This is a bit odd question. Cape Canaveral (I imagine you mean both the Patrick Air Force Base and the Kennedy Space Center with it?) is hardly the only launch site in the US, but it makes sense to launch prograde from it, since the groundtrack then puts launches over the Atlantic. In case of retrograde or highly inclined launches, it makes more sense to launch from US West Coast (e.g. Vandenberg Air Force Base) where the ground track puts them over the Pacific.

Ideal? For most launches I'd say yes, since prograde launches are far more frequent than retrograde (or hushed purpose ones, where launching over mainland US could keep its early flight away from prying eyes, but those are even rarer). Cape Canaveral launch sites are also closer to the equator and with it launch vehicles receive a slight additional boost by Earth's rotation, again, if launched prograde. I discuss this a bit more in my answer to Are there any benefits to launching from Vandenberg AFB instead of Cape Canaveral?

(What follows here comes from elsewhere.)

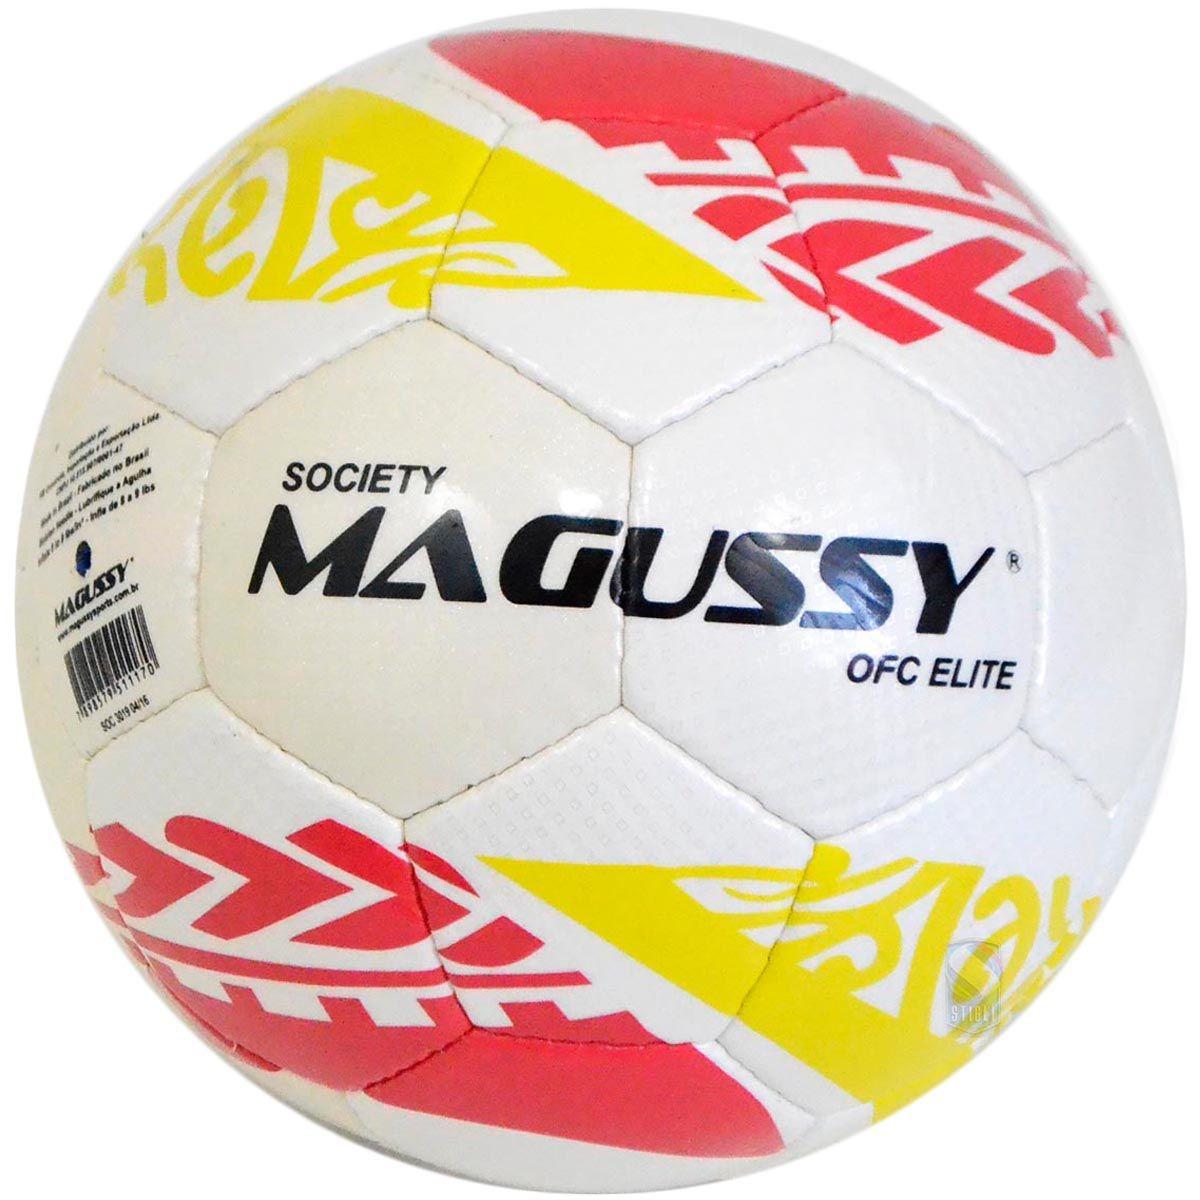 Bola De Futebol Society Magussy Microfibra Costura Mão C  Nf - R  75 ... 452d95c41b4ba

But even brushing aside with politics or pressure from the space launch industry in Florida, I'd have to concur, it makes sense. You're soon after launch over the ocean, there's not any heavy traffic shipping lanes close by that can't be rerouted for the duration of the launch window, and it avoids the heavy traffic North Atlantic Tracks air routes. It is also one of the major US space flight centers, with lots of the space flight industry and their facilities at disposal.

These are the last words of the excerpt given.